Ohne Zuschüsse ist der Bau neuer Kraftwerke derzeit nicht attraktiv

Das nationale Kraftwerksförderprogramm hat die Bundesregierung im Zuge der Energiewende beschlossen. Das Energiekonzept sieht in Punkt 24 vor, "hocheffiziente und flexible Kraftwerke" zu fördern, um eine Kraftwerkslücke durch den Atomausstieg zu füllen. Ohne staatliche Subventionen haben Energiekonzerne derzeit keinen Anreiz, in neue Kraftwerke zu investieren.

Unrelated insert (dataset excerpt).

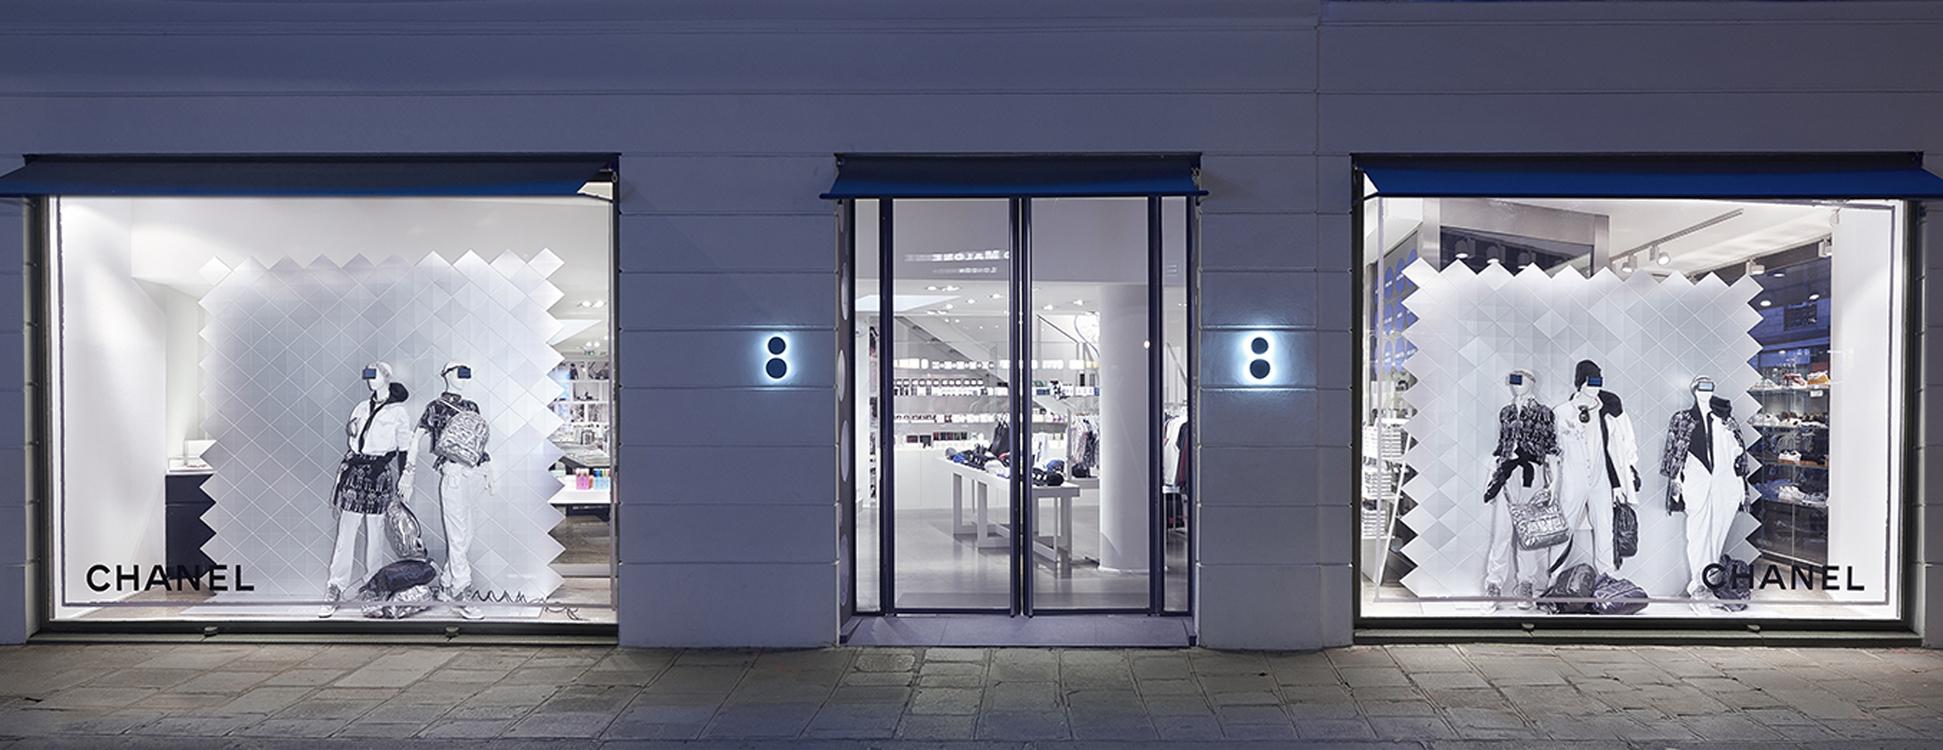 Chanel Mengambil Alih Butik Colette Paris Bersama Pharrell Williams dan Adidas
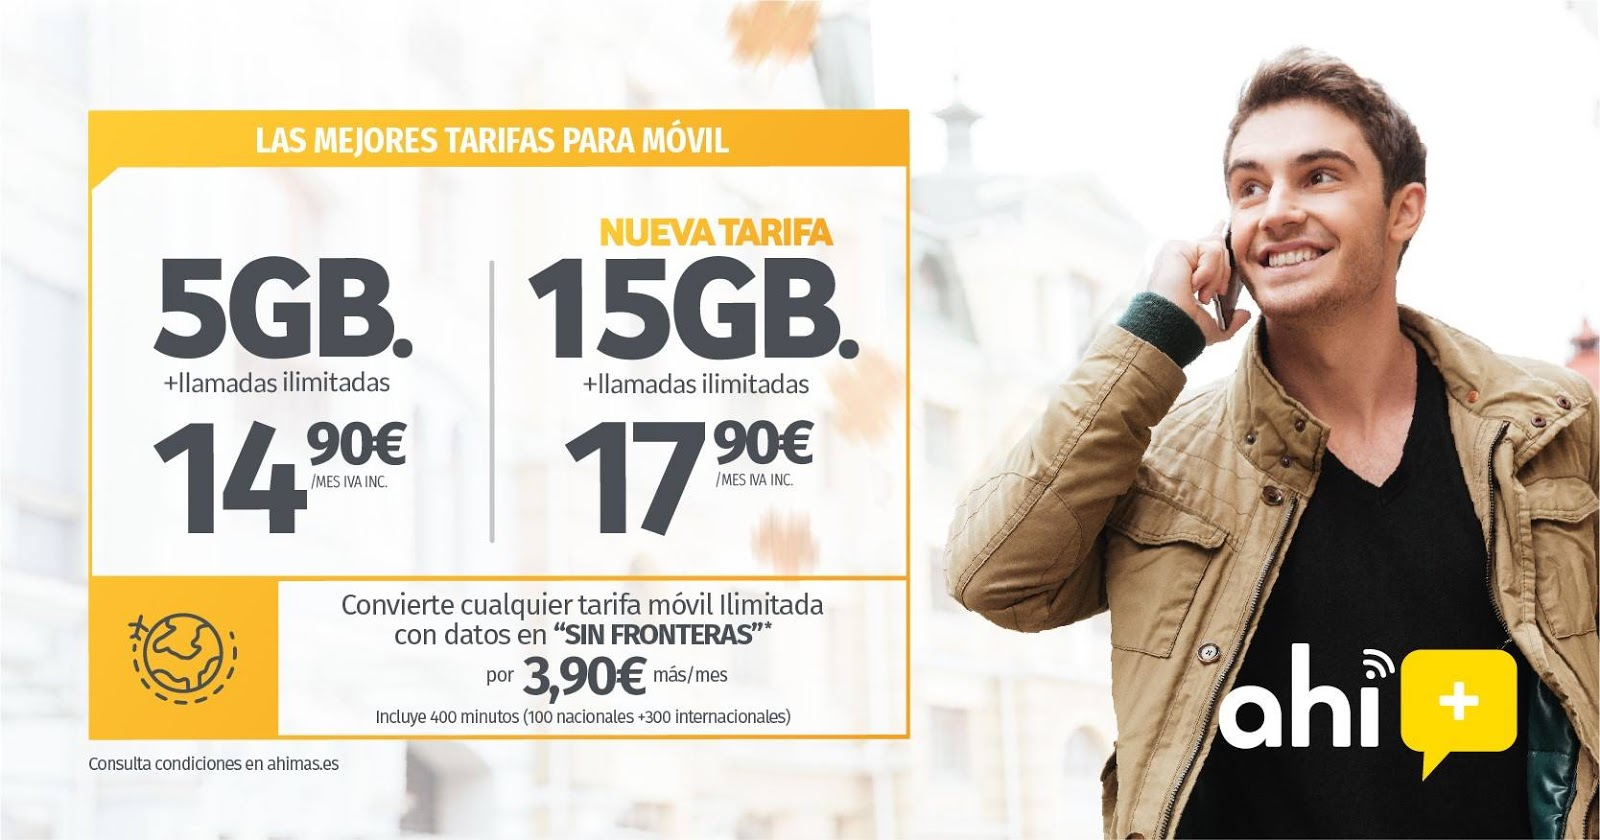 Nueva tarifa 15 GB Ahí+

Die Subventionen sollen aus dem neuen Energie- und Klimaschutzfonds (EKF) stammen. Zwischen 2013 und 2016 will Schwarz-Gelb offenbar rund 165 Millionen Euro jährlich zur Verfügung stellen. Das Bundeswirtschaftsministerium will diese Zahlen allerdings vorerst nicht bestätigen.

Das Ministerium ist so zurückhaltend, weil ein Okay aus Brüssel fehlt. Dort sieht man den Subventionsdrang der Deutschen kritisch. Zurzeit erarbeitet Wettbewerbskommissar Joaquín Almunia neue Beihilferichtlinien, die er bis Ende des Jahres vorlegen will.